# MLP Modeling for Interest Rates

### Imports and Setup

In [1]:
# imports
import pandas as pd
import numpy as np
import joblib
import matplotlib.pyplot as plt
from sklearn.metrics import mean_squared_error
from sklearn.model_selection import train_test_split
from sklearn.neural_network import MLPRegressor

from logics import rate_modeler, rate_forecast


# set colors
color0a = "#09EE90"
color0b = "#008000"
color1a = "#87CEFA"
color1b = "#0000CD"
color2a = "#F08080"
color2b = "#B22222"

# read data
df = pd.read_csv("../00_data/clean_data_rates.csv", parse_dates=["Date"])

base_viz = False

### Base Data Visualizations

In [2]:
if base_viz:
    # Plot the remaining data
    plt.figure(figsize=(12, 8))

    # loop through the non-date columns
    for i in range(1, len(df.columns)):
        plt.plot(
            df["Date"], df.iloc[:, i], label=df.columns[i], alpha=0.7, linewidth=0.75
        )

    # Set the X axis label to be more readable
    plt.xticks(rotation=45)

    # make the X axis year only
    plt.gca().xaxis.set_major_formatter(plt.matplotlib.dates.DateFormatter("%Y"))

    # set ylim
    plt.ylim(0, 13)

    # set the title and axis labels
    plt.title("Interest Rates")
    plt.xlabel("Date")
    plt.ylabel("Interest Rate")

    # set the legend
    plt.legend(loc="upper right")

    # show
    plt.show()

### Data Preprocessing

To conduct each experiment, a dataset will be constructed locally based on the following parameters:

- **Lookback Range**: The number of days of data to use to predict the next target date's interest rate. This will be a hyperparameter that will be tuned for each experiment.
- **Target Date**: The date for which the interest rate will be predicted, expressed as T+N. This will be a hyperparameter that will be tuned for each experiment.
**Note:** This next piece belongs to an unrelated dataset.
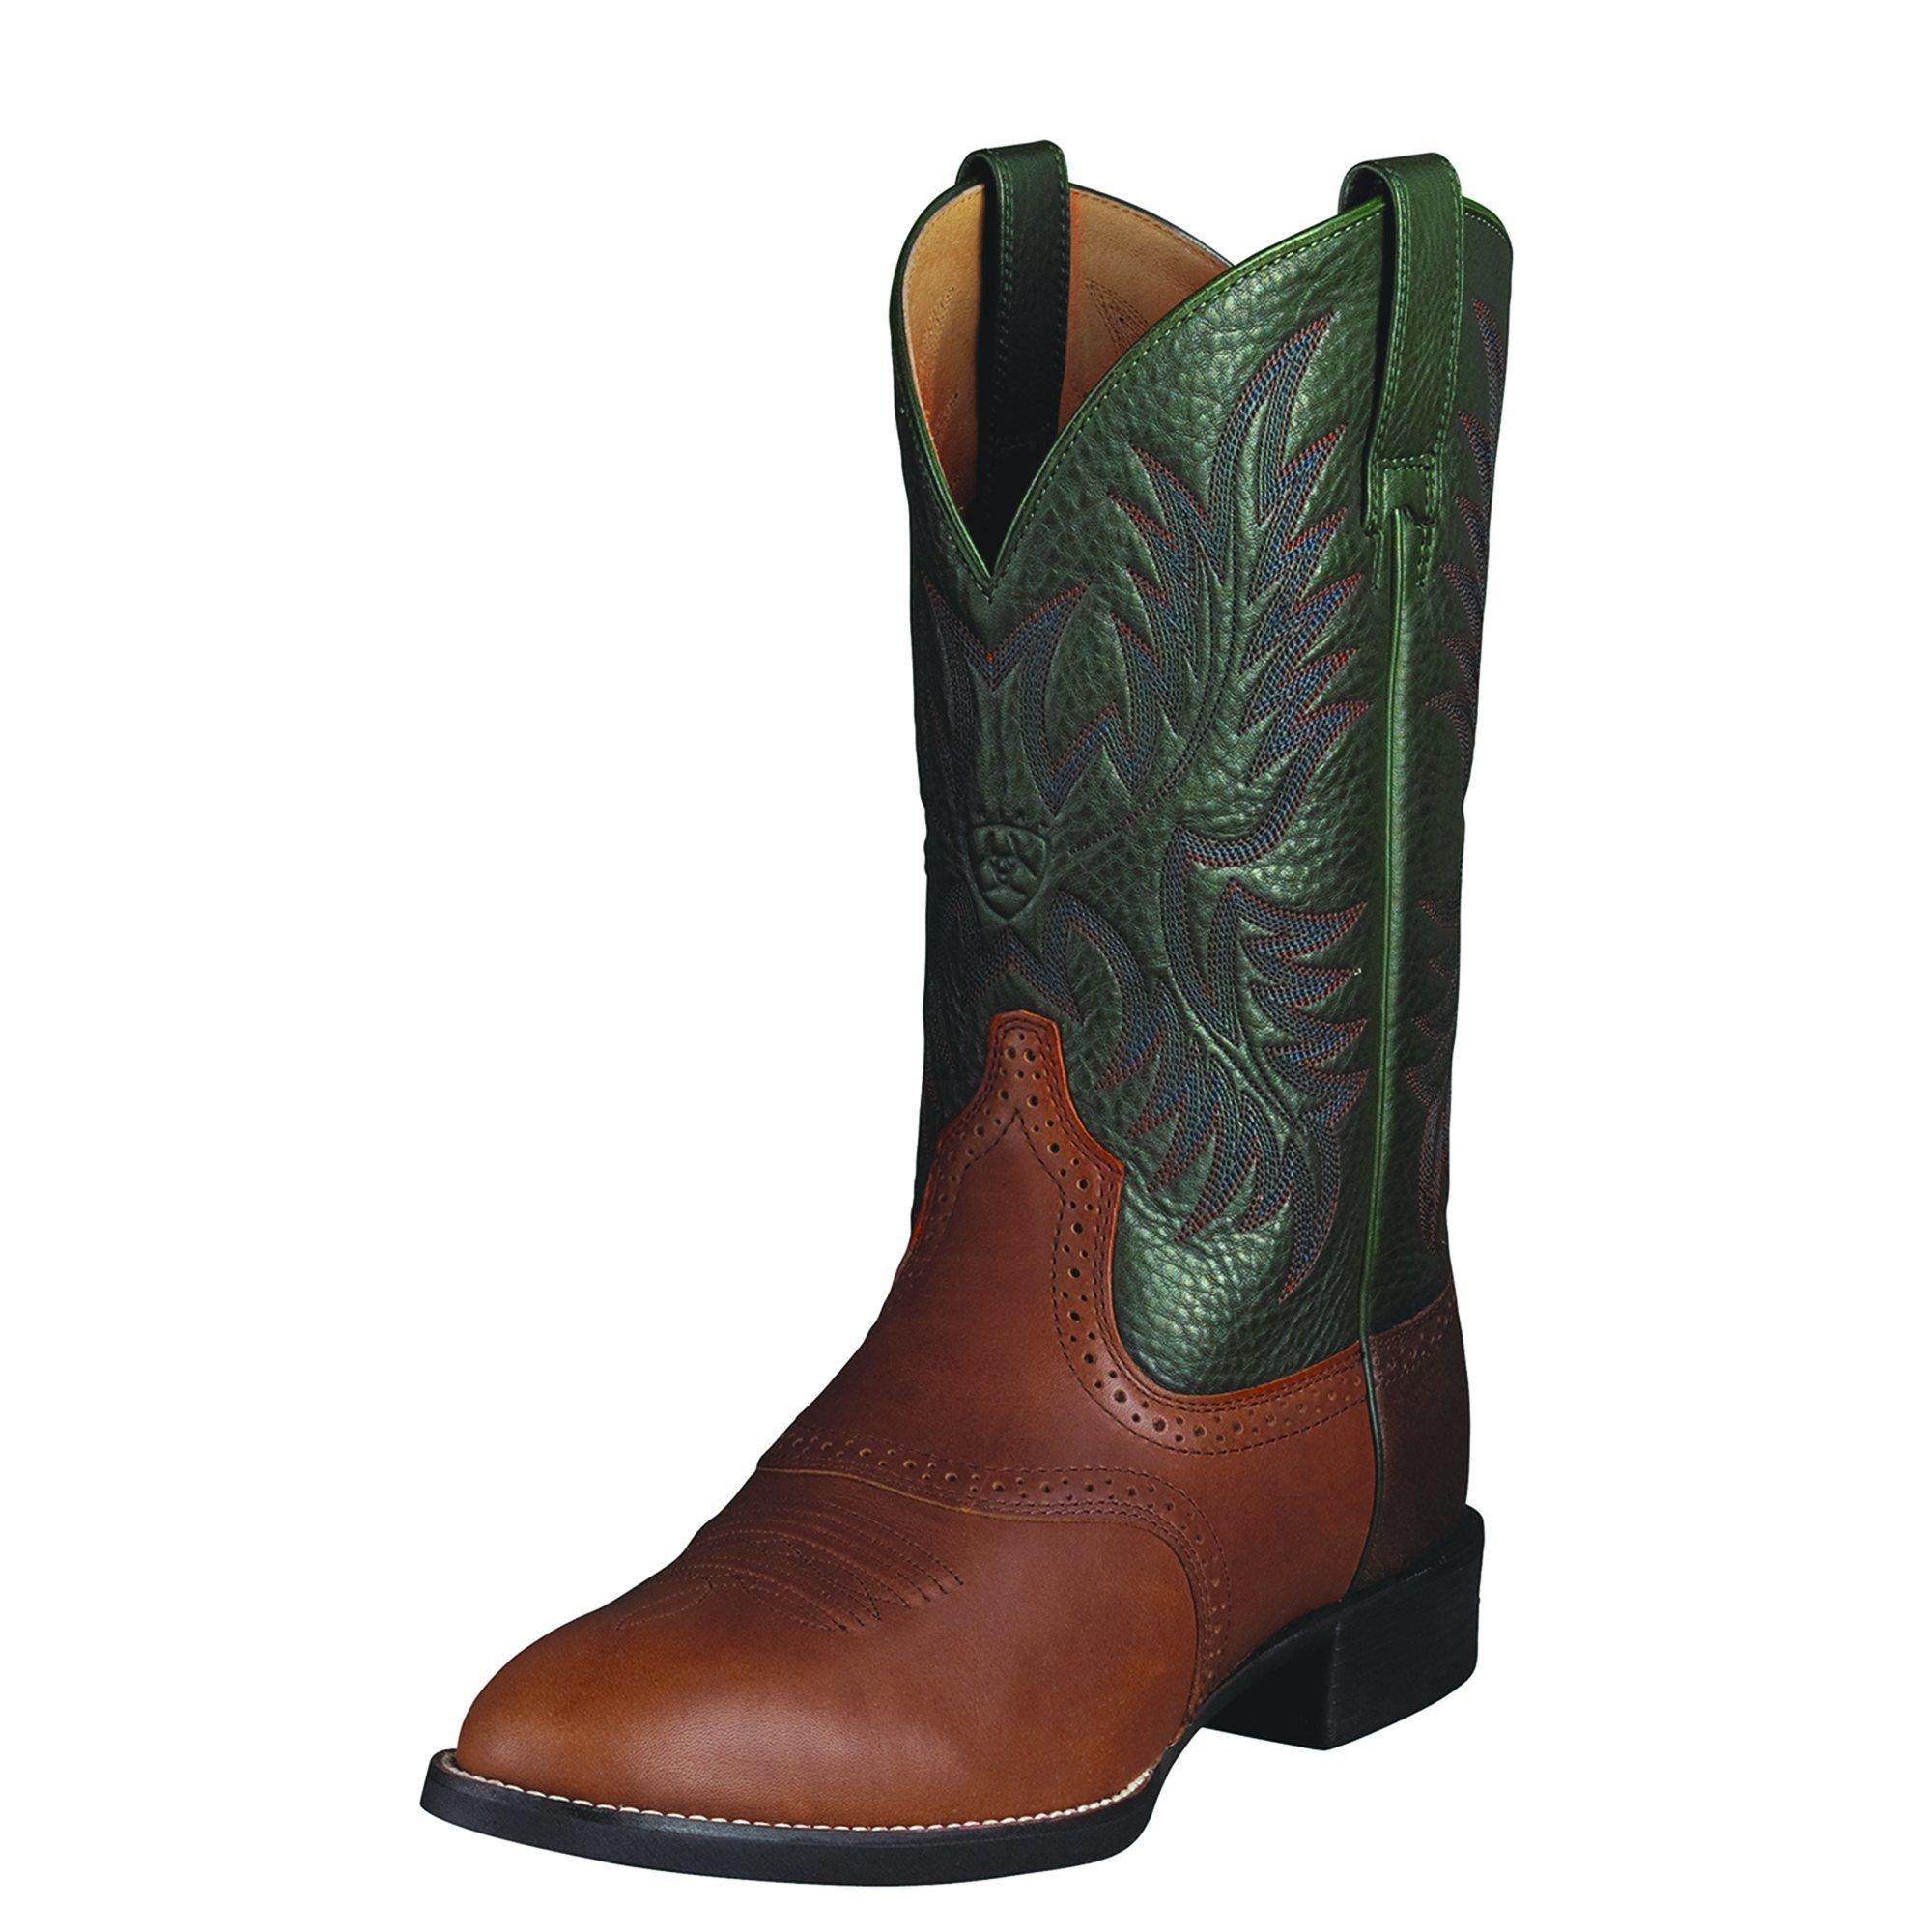 Ariat Men's Heritage Stockman Western Boot, Cedar/Green, 11 E US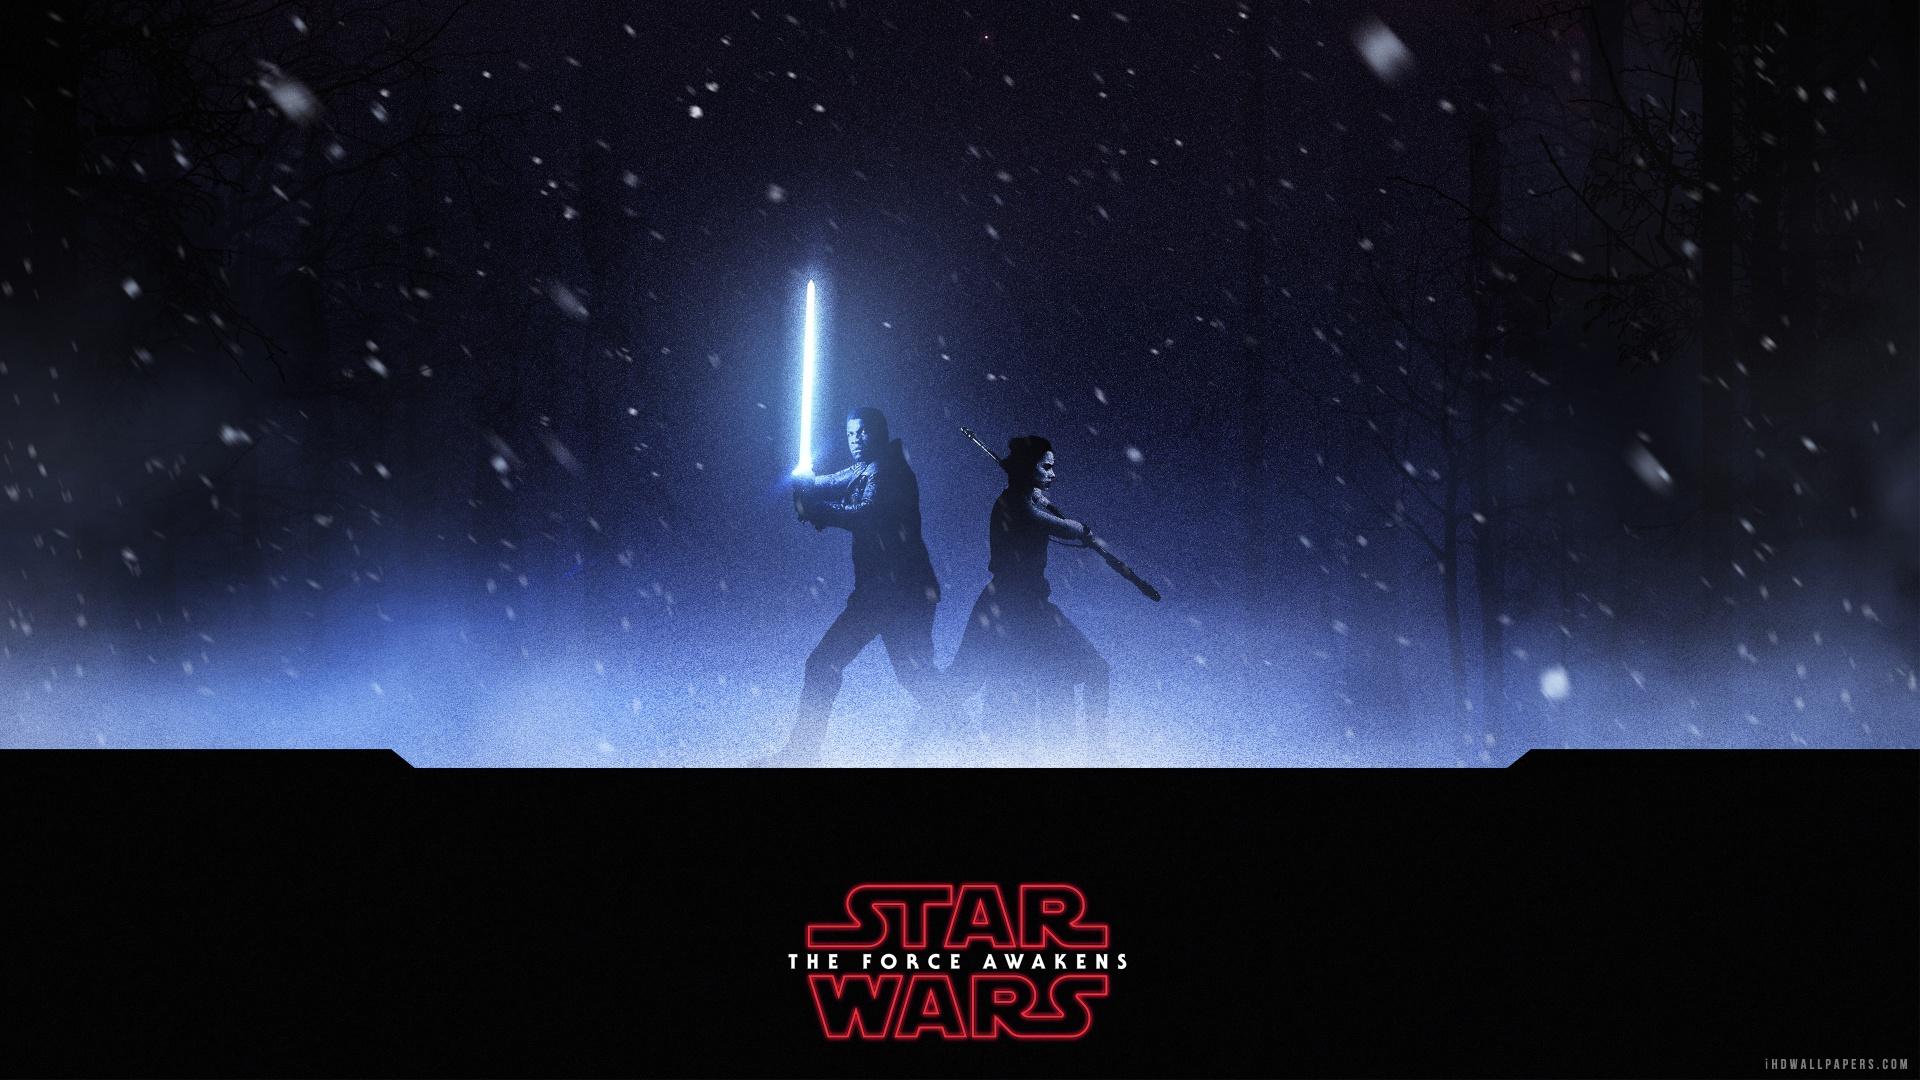 Finn Rey Star Wars The Force Awakens HD Wallpaper   iHD Wallpapers 1920x1080

To illustrate the process, we will use the following example:

- **Lookback Range**: 25 days
- **Target Date**: T+5

To predict the interest rate curve for T+5 using a 25-day lookback range, we will build the dataset as follows:

- Configure the dataset so that the oldest 30 days are not used as targets in training or validation. This is because of the 25-day lookback range and the 5-day target date.
- For each target date, we will add the 5 to 30 days of preceeding data to the dataset as predictors. This will be the parameter set for the model.
- The target for each target date will be the interest rate curve for that date, but functionally this training date is one week in the future from our last data point.

We will then use this dataset to train MLP Regression models to predict the interest rate curve for T+5 and assess the accuracy.

### Configure Parameters for Model Searching

Lookback minimum is 1

Lookforward minimum is 2

When you have configured you model and ranges to the desired values, run the cell with `save_data = True` and `save_model = True` to get the appropriate data and model files saved to the correct locations.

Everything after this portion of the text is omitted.